Centre picks innovators to manage tomatoes, analysts say no point reinventing the wheel
Tomato incurs the second highest post-harvest losses (11.61%), after guava (15%), according to a 2022 study by the Nabard Consultancy Private Ltd.
Tomato prices recently scaled a five-year peak, drilling holes in consumers’ pockets across India, the world’s second-largest producer of the vegetable.

Prices of tomatoes and onions, two basic ingredients of most Indian dishes, tend to rise and fall every alternate year or so due to weather disruptions, inadequate cold storage facilities and low levels of processing into durable items such as ketchups and pastes, official data show. Post-harvest wastages are high, leading to losses.
The central government last year threw open a challenge to young tech-savvy innovators to come up with patentable ideas to organise the tomato supply chain, which the consumer affairs ministry proposed to fund.
Nearly 1,376 ideas were received from innovators, and after rigorous rounds of evaluation, 28 proposals have been selected for funding for prototype development, consumer affairs secretary Nidhi Khare said on Friday.
“It’s a good idea to engage with young innovators. Better information about production clusters, mandi arrival schedules and consumption patterns of fresh and processed tomatoes can improve the supply chain, reduce losses and enable better planning of cultivation and marketing,” former Union agriculture secretary Siraj Hussain said.
Some analysts say the government had better focussed on effective implementation of policies already in place. Though India is a leading agricultural producer, large quantities of food are lost or wasted between farm and plate.
“Technology will follow if firms, which have them, invest. We needn’t reinvent the wheel,” said Vinayak Bhan of Greenfield Farms, a horticultural startup.
Shortage infrastructure to process surplus tomatoes is a key hurdle in producing sufficient value-added products, such as purées.
Lack of cold storage facilities and improper handling result in huge losses, which are well-known issues. Tomato incurs the second highest post-harvest losses (11.61%), after guava (15%), according to a 2022 study by the Nabard Consultancy Pvt Ltd (NABCONS).
Fruits and vegetables contribute 37% ( ₹57,004 crores annually) to total economic losses as per the NABCONS report.
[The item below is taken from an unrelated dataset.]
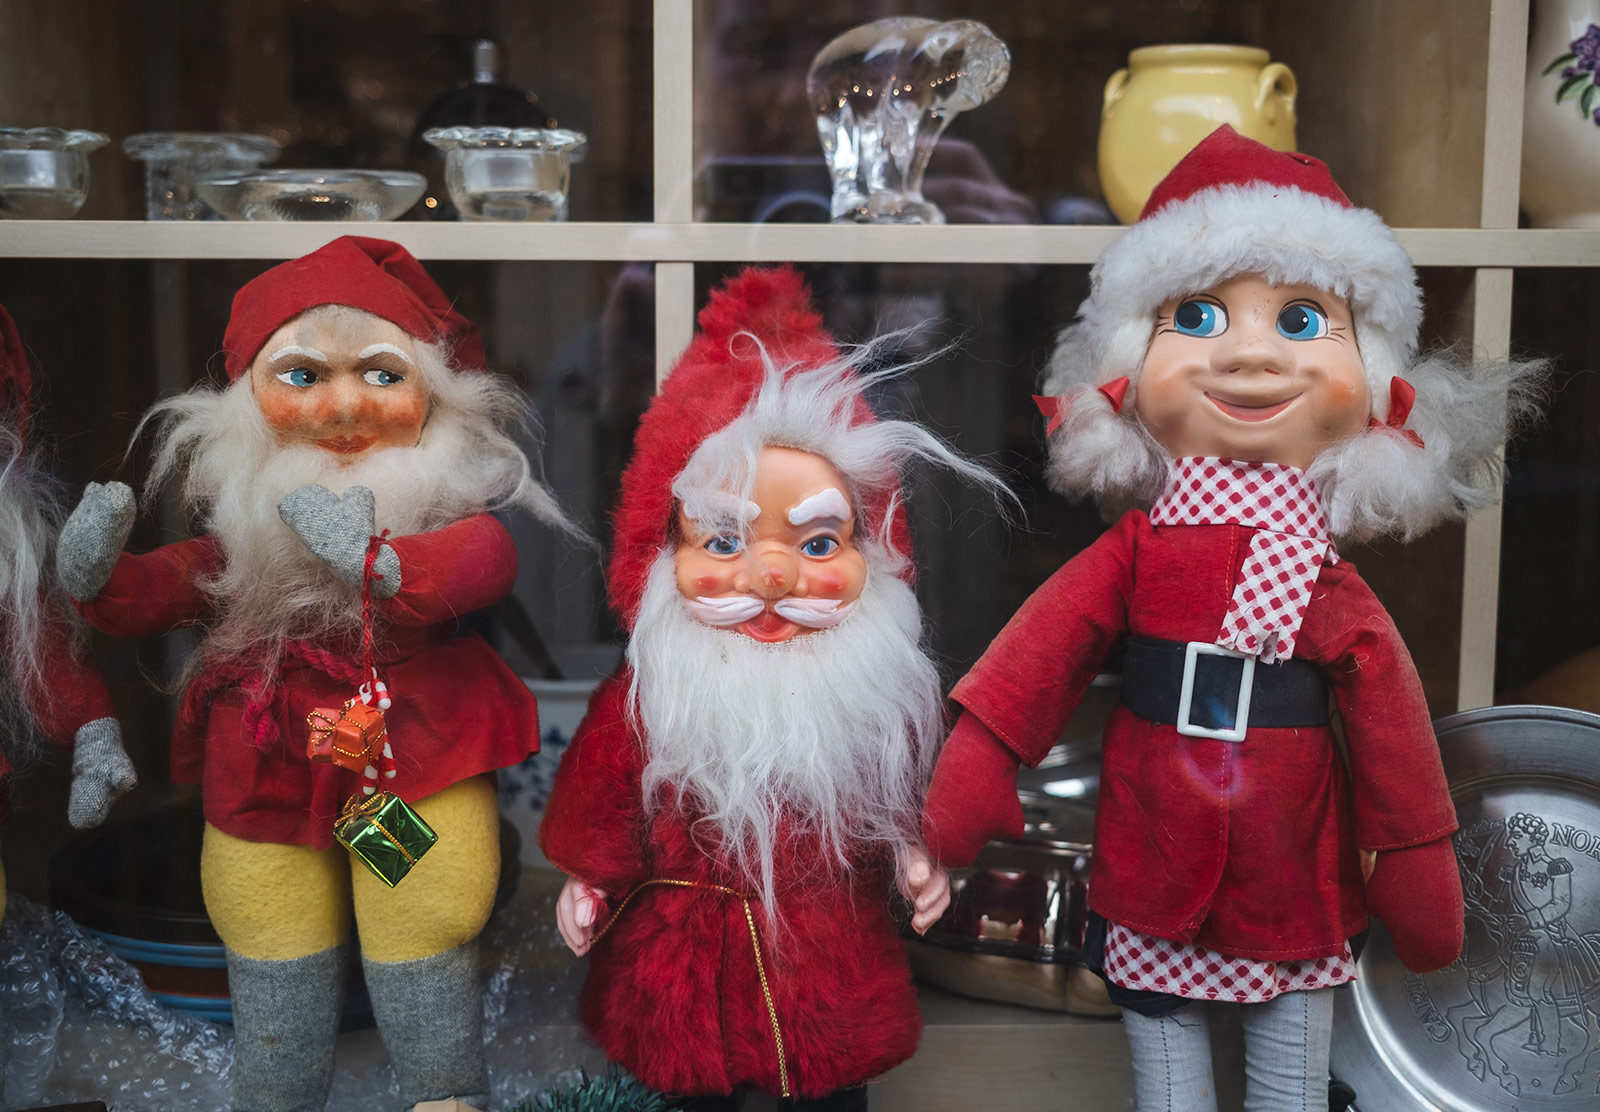 Scary Christmas dolls

Growers also have limited awareness and use of modern agricultural technologies like precision farming and IoT-based monitoring, the consumer affairs ministry said.
The food-processing ministry launched the ambitious Pradhan Mantri Kisan SAMPADA Yojana in 2017 to create modern infrastructure and supply-chain management.
The government also launched a production-linked incentive scheme for the food-processing sector, apart from the Prime Minister’s Formalisation of Micro Food Processing Enterprises. These schemes are precisely aimed at better infrastructure, modern supply chain and to provide incentives for a high level of processing, Bhan said.
Vegetable prices have hurt consumers the most over the past year. Consumer prices rose sharply last month to a higher than expected 6.21%. Vegetable prices surged to nearly a five-year high of 42% on the back of persistently high prices of onions and tomatoes.